CSB student shines at Scholars Showcase with research on student-mentor relationships and academic success

A College of Saint Benedict student recently showcased her undergraduate research as part of the annual Scholars Showcase, an event sponsored by the Minnesota Private College Council. The event was held on Feb. 22 at the Minnesota State Capitol and included more than two dozen students from 15 schools around the state who presented research posters in the Capitol rotunda in St. Paul.

Emma Smith, a senior psychology major from South St. Paul, Minnesota, represented CSB. She is also a Distinguished Thesis Scholar.

Smith’s research, under the mentorship of Erin Donohue, assistant professor of psychology, was titled “The Association Between Student-Mentor Relationships and College Students’ Motivation and Academic Success.”

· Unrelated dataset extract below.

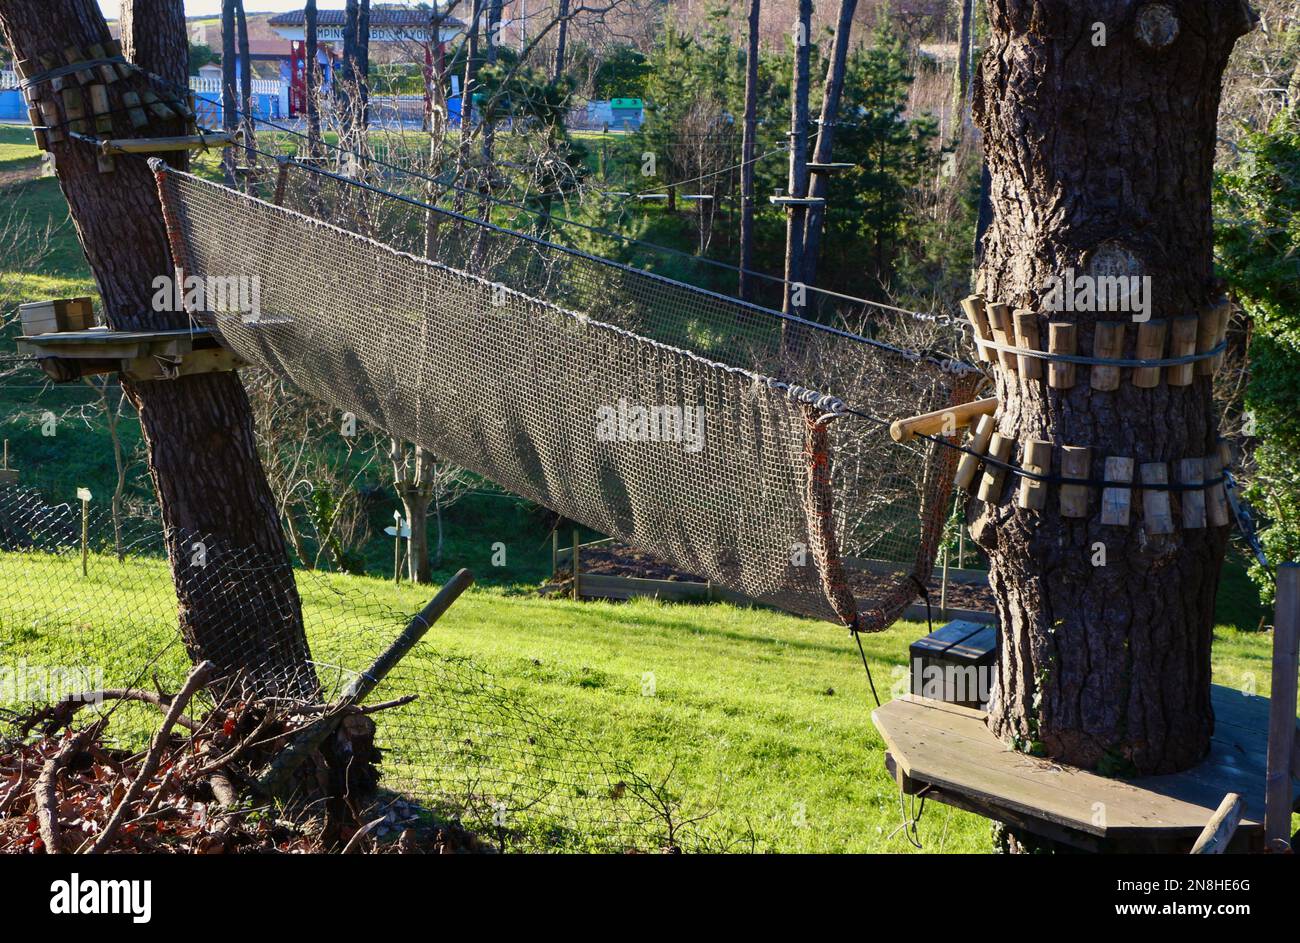 Park with zip wire course through trees Tirolinas Go! Santander Cantabria Spain Stock Photo

A key component of academic success for college students is motivation. Research suggests that different aspects of college students’ lives can influence how motivated they are. One influence on students’ motivation is interpersonal relationships, specifically relationships with a mentor figure.

Meaningful interactions with formal mentors have been shown to increase students’ academic motivation. Studies conducted on the mentoring of college students have found that having a mentor is associated with career benefits; however, there is little knowledge about the association between formal mentoring and the specific type of motivation college students experience because of this relationship.

Additionally, there is little research indicating how students’ academic performance is associated with the presence of a mentor relationship. This study looks at aspects of student-mentor relationships, what motivates students to attend college, as well as a students’ academic performance, to see the association between student-mentor relationships and students’ motivation to attend college, along with overall academic performance.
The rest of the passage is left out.